→ Collected material:

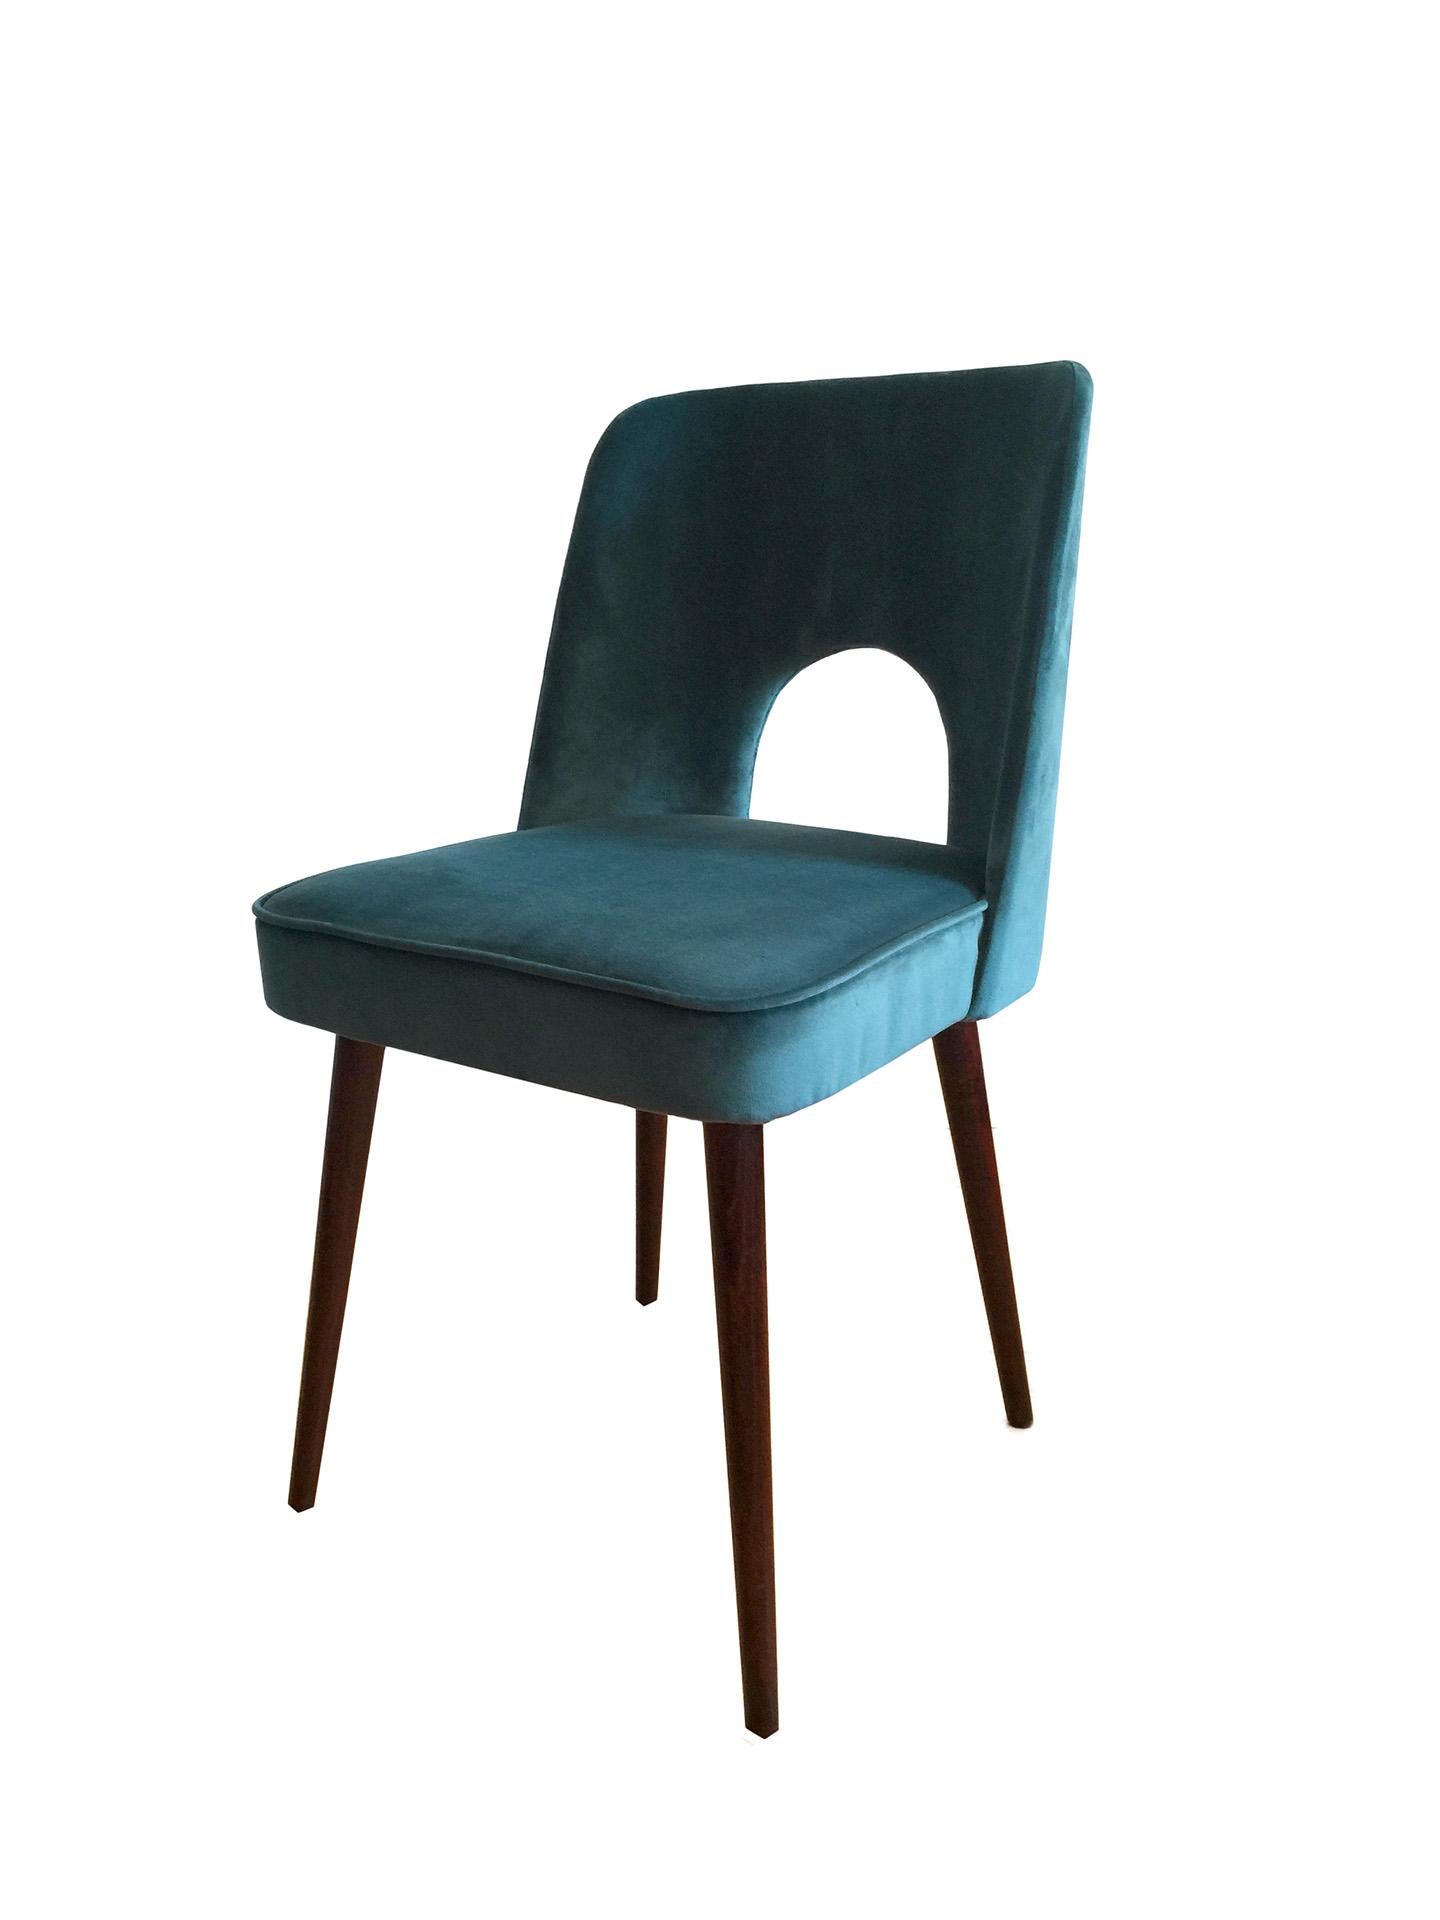 This set of two dining chairs with a modernist silhouette was designed circa 1962 and manufactured by Slupskie Fabryki Mebli in Poland. The structure is made of plywood and beech. The upholstery is made of high-quality fabric in a deep sea-blue
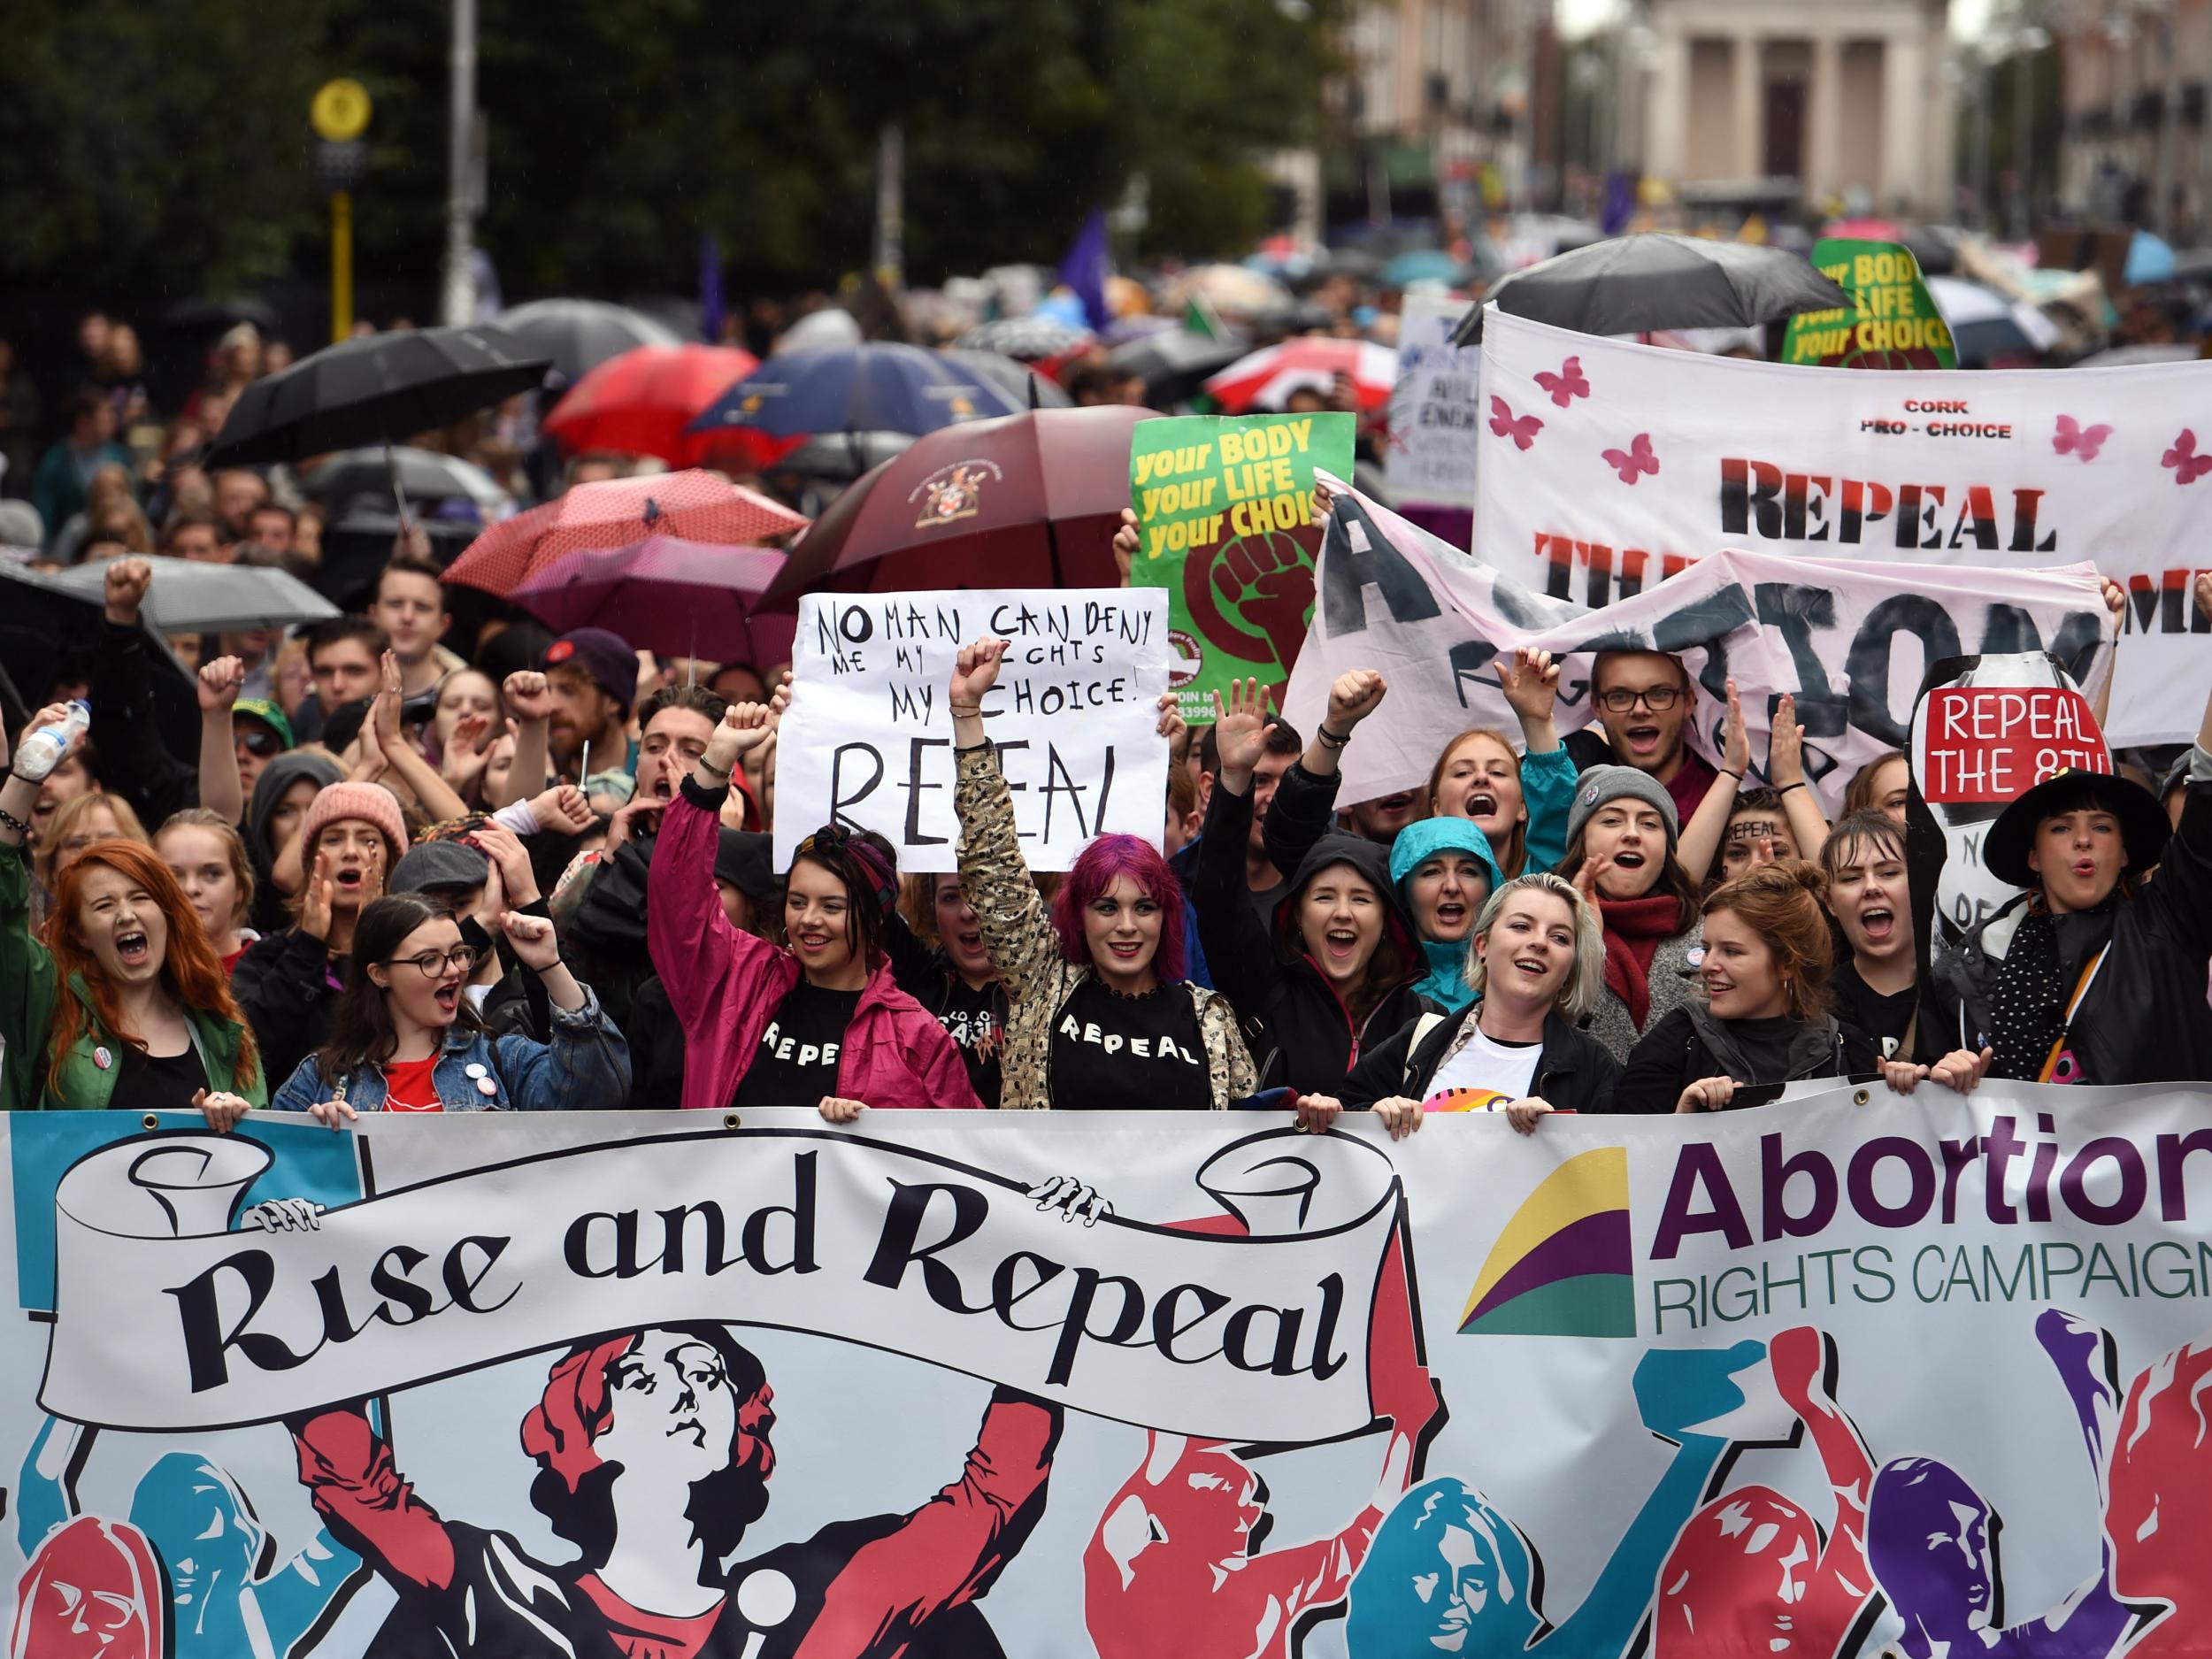 Demonstrators urge the Irish Government to repeal the 8th amendment to the constitution, which enforces strict limitations to a woman's right to an abortion, in Dublin last September
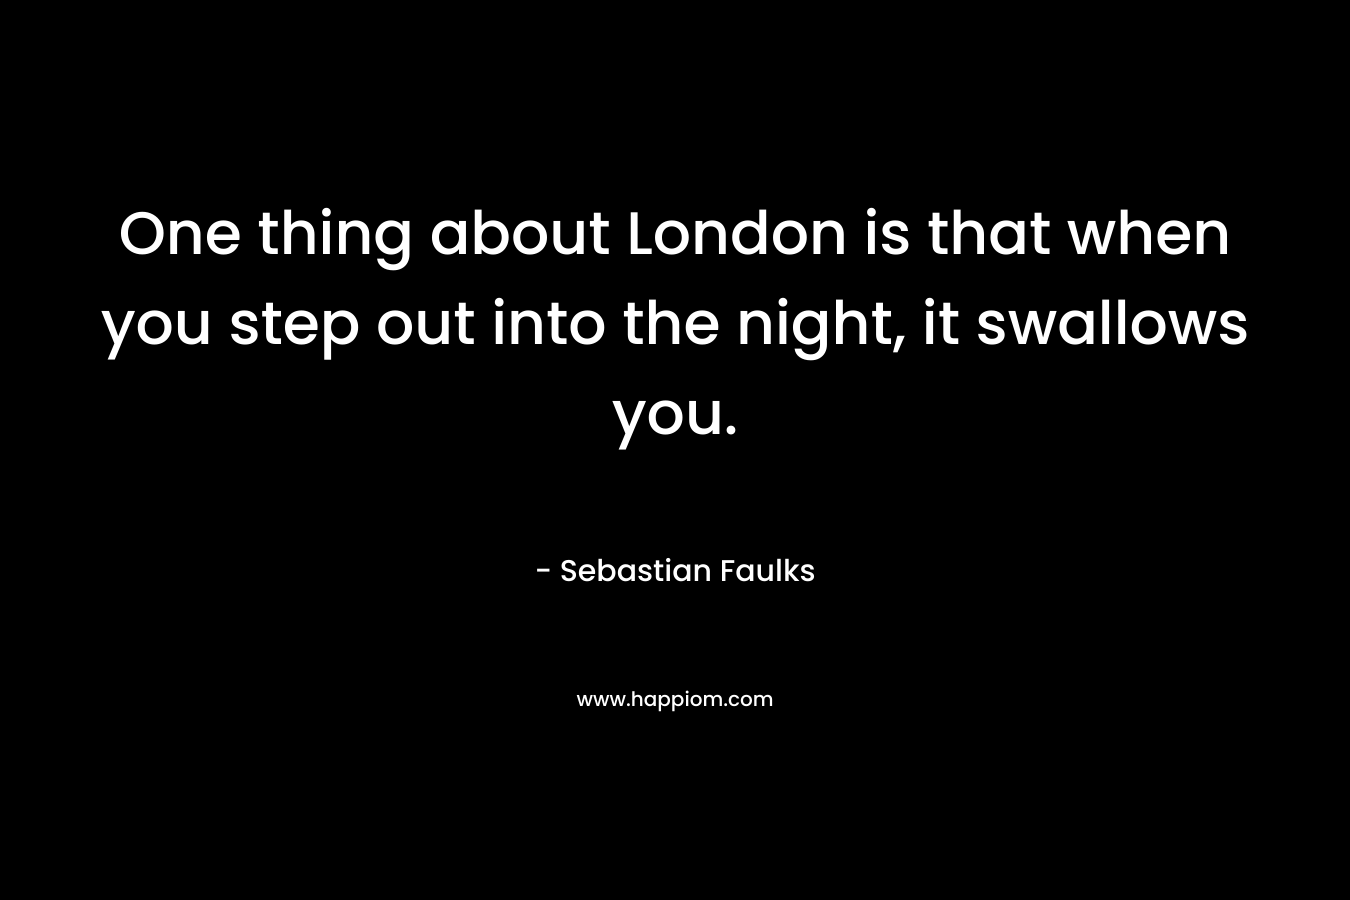 One thing about London is that when you step out into the night, it swallows you. – Sebastian Faulks

→ Work to complete: Exactly as written above, print every line of the data but not its pictures.

→ Response:
 This set of two dining chairs with a modernist silhouette was designed circa 1962 and manufactured by Slupskie Fabryki Mebli in Poland. The structure is made of plywood and beech. The upholstery is made of high-quality fabric in a deep sea-blue
 Demonstrators urge the Irish Government to repeal the 8th amendment to the constitution, which enforces strict limitations to a woman's right to an abortion, in Dublin last September
 One thing about London is that when you step out into the night, it swallows you. – Sebastian Faulks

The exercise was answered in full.